Archive for June, 2009

Jun 21 2009

A Painful Truth

Be alerted, gentle readers. This post contains an inconvenient and painful truth.  (It’s painful to me too.)

As my posts under the category of “philosophy of weight loss” will attest, I am interested in the personal philosophies and psychological aspects of weight loss. But I have been dancing around a fundamental point. I found a blog post from a motivational speaker in Australia, Craig Harper, who put it right out there.

One of Craig’s readers, Mandi, writes [condensed here]:

Please, please, please, please help me….I currently weigh 104 kilos and often cry when I look in the mirror. As you always say “I know what to do but I don’t do what I know.” I am so sick of myself and the way I constantly shoot myself in the foot that I don’t know what to do any more….Why do I continue to self-sabotage when I hate the way I look and feel?…

Mandi’s lament sounds familiar to me–painfully familiar. She describes a vulnerable, stuck place that makes me ache.

Craig gives a long and thoughtful response. The full post is here. But this excerpt cuts to the painful truth:

…you need to want it enough. You might think you want it enough now but I can tell you, you don’t. When you associate more pain with staying in your current condition than you do with throwing that chocolate in the bin (or feeding it to the dog), then you’ll get the job done and find your way to your best body. As with any change process, you will always be the problem and the solution. [emphasis mine]

Wow. Craig’s reply sums up the answer to my question, “Why?” It’s about priorities: wanting it enough.

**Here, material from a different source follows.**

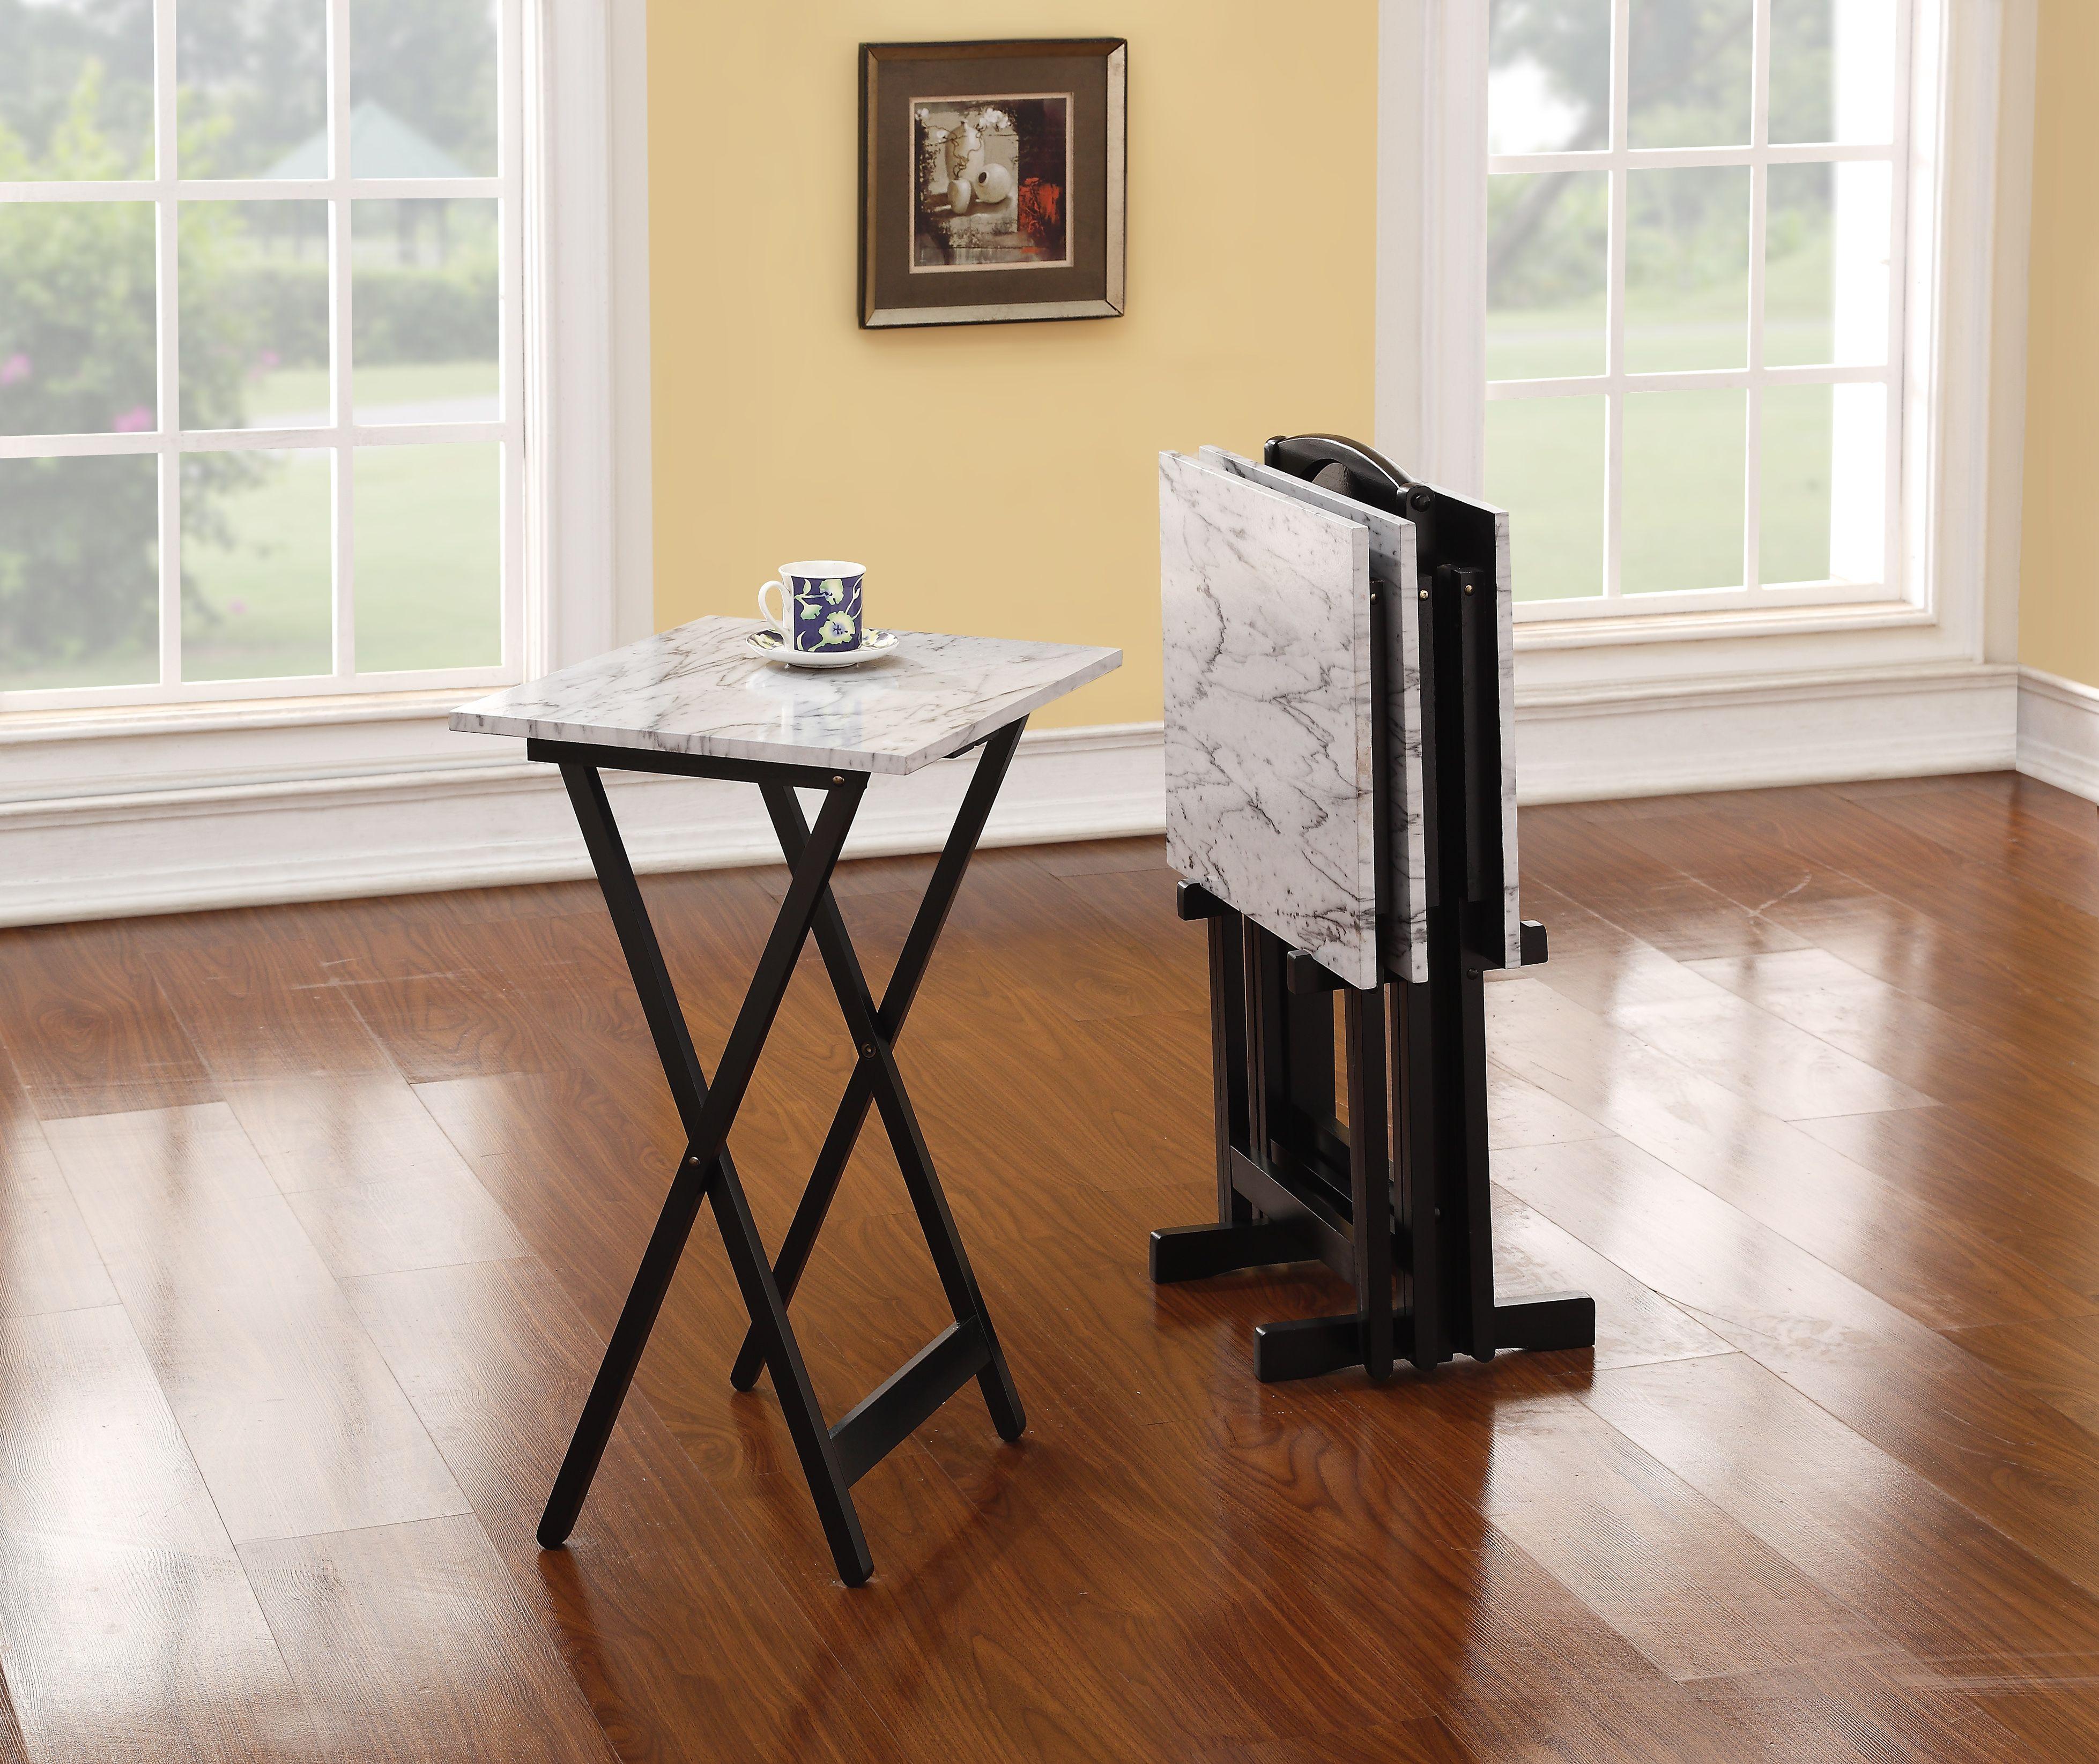 Linon White Faux Marble Tray Set Serving Trays Tv Tray Table Marble Tray Tray Table

Perhaps you have read The Secret. The “energy frequency” premise is, for me, too far-fetched to be useful (for the short version, skip to 5:50 in this video), but an inversion of The Secret makes sense to me:

When I want to reach a goal, and I make it a priority over other goals, then my real-life actions and decisions automatically take me there.

The angst, like Mandi’s, simply vanishes. My behavior leads me in the right direction. Things fall into place.

This truth applies to all my goals. As an unmarried middle-aged suburb dweller* who is 15 pounds above goal weight, I wrestle with painful truths. But if I want to make progress on all my goals, I am only dancing around until I ask myself honestly, “Do I want it enough?”

When the answer is “no,” I always have strong arguments to defend the reasons–sometimes outdated and laced with shame, but strong nonetheless. So then, the real work of weight loss, or achieving any goal, is not to collect healthy recipes, join a gym, or join Weight Watchers. All that will come in its time and place. We know that stuff already. As Craig says, we are the problem and the solution.

Instead, the real work is breaking down the arguments that defend that vulnerable, stuck place.

Ouch.

*David Byrne sings, “How did I get here?” The whole song is so awesome.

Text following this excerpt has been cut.